As an extension of our studies of the in vitro sensitivity
of heterologously expressed TgVP1 to inhibition by AMDP and the studies
made by ourselves and others (7-9) of the in vivo
sensitivity of parasitic protists to this and other 1,1-diphosphonates,
we have explored the morphological consequences to T. gondii of exposure to this agent. As a result, we have determined
that the toxic action of AMDP is evident at concentrations lower than
reported previously. Rodrigues et al. (8), for instance, by
employing a global drug assay based on measurements of
[3H]hypoxanthine incorporation, reported that
concentrations of AMDP as high as 50 µM did not inhibit
tachyzoite proliferation; indeed, 200 µM was not
sufficient for 50% inhibition.
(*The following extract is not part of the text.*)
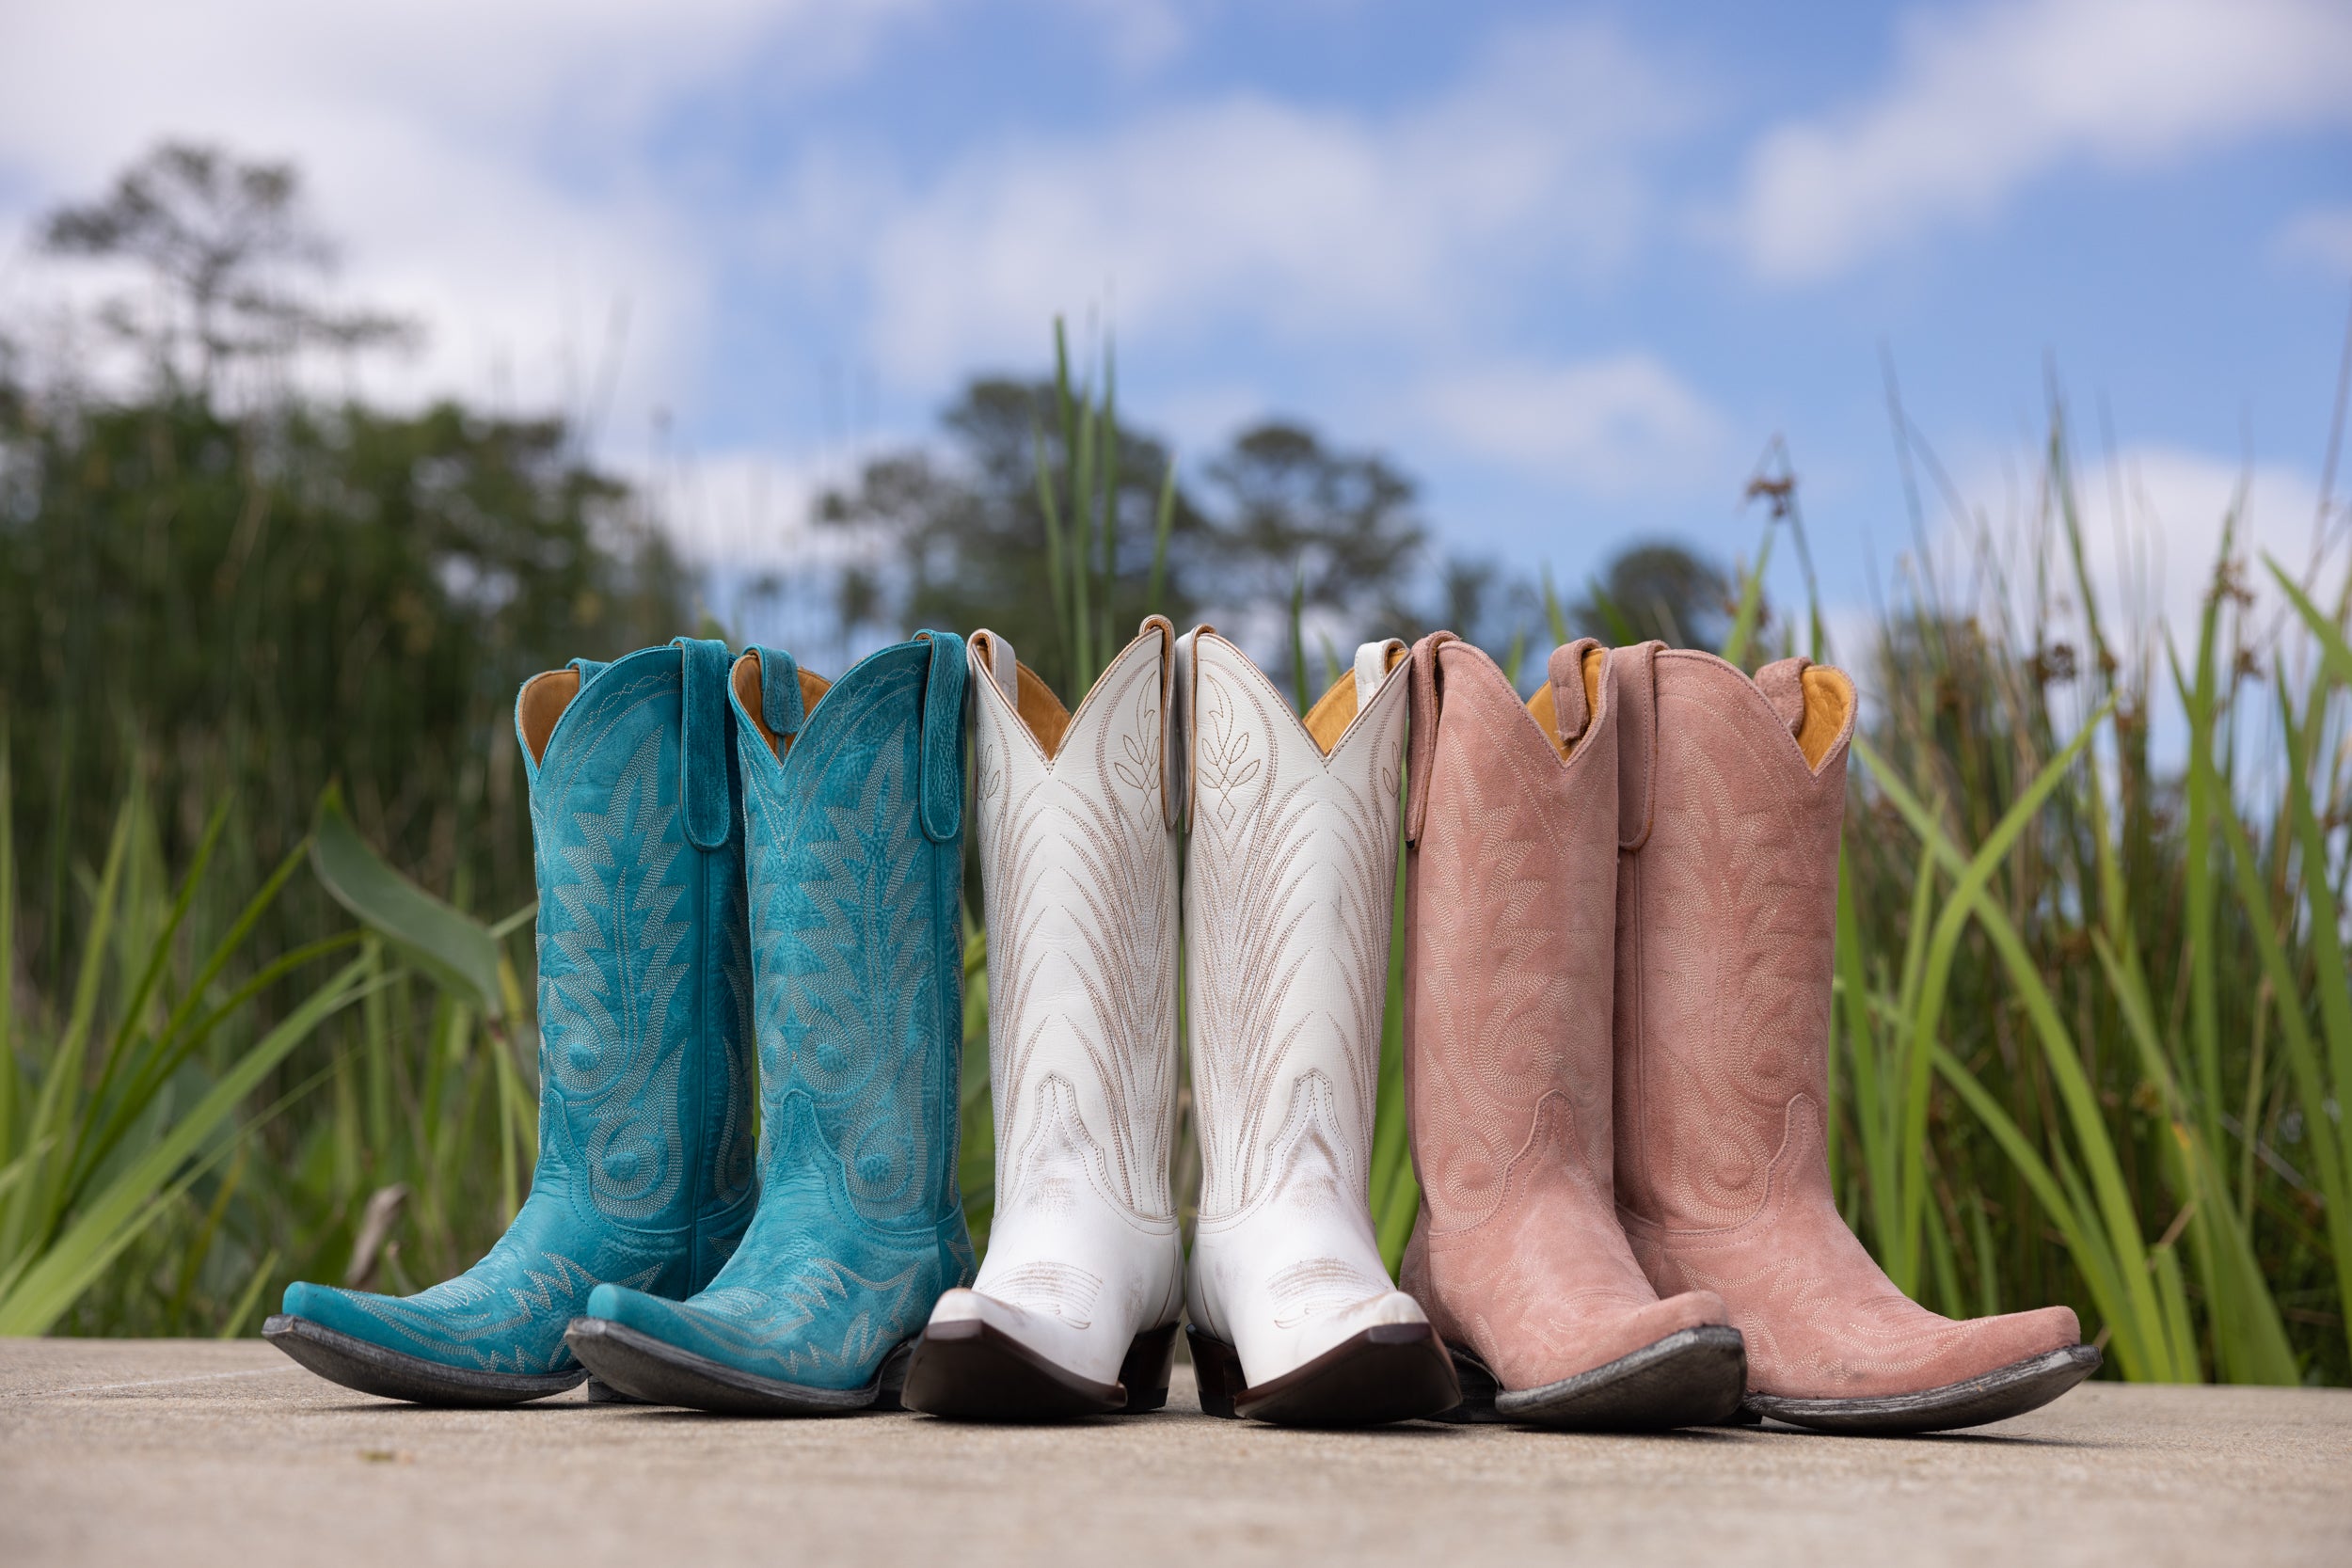 The Best Women's Cowboy Boots for Summer – Pinto Ranch

We, in contrast, by counting the number
of parasites per vacuole and examining their ultrastructure, have
determined that AMDP concentrations as low as 5 µM
(concentrations commensurate with the I50 for the in
vitro inhibition of TgVP1) interfere with parasite replication. AMDP concentrations of 5-10 µM and above block or stall
cell replication but not cell growth such that the formation of highly
enlarged tachyzoites containing multiple nascent daughter cells
is apparent. The effects of AMDP are accompanied by extensive
enlargement of the parasite nucleus which becomes highly lobed and the
inflation and/or disruption of acidocalcisome-like vesicular structures.
The apparent absence of V-PPases from vertebrates and their likely
involvement in energy conservation and membrane transport make these
enzymes potential targets for the development of antiprotozoal agents.
Notwithstanding these hopes and needs, it should be appreciated that
care is required when interpreting the antiparasitic effects of AMDP.
Two considerations are crucial. First, the efficacy AMDP in
vivo is usually less than its efficacy in vitro, which
likely reflects its bulky anionic character and slow permeation of
membranes. Second, the greater intrinsic sensitivity of V-PPases
versus soluble PPases and other phosphohydrolases to AMDP is
in part attributable to the Km values of V-PPases,
which are at least an order of magnitude greater those of soluble
PPases (5, 41). Therefore, the specificity of AMDP and other
PPi analogs as competitive inhibitors will be critically
dependent on the PPi concentration prevailing in the
compartment in which the inhibitor exerts its effects.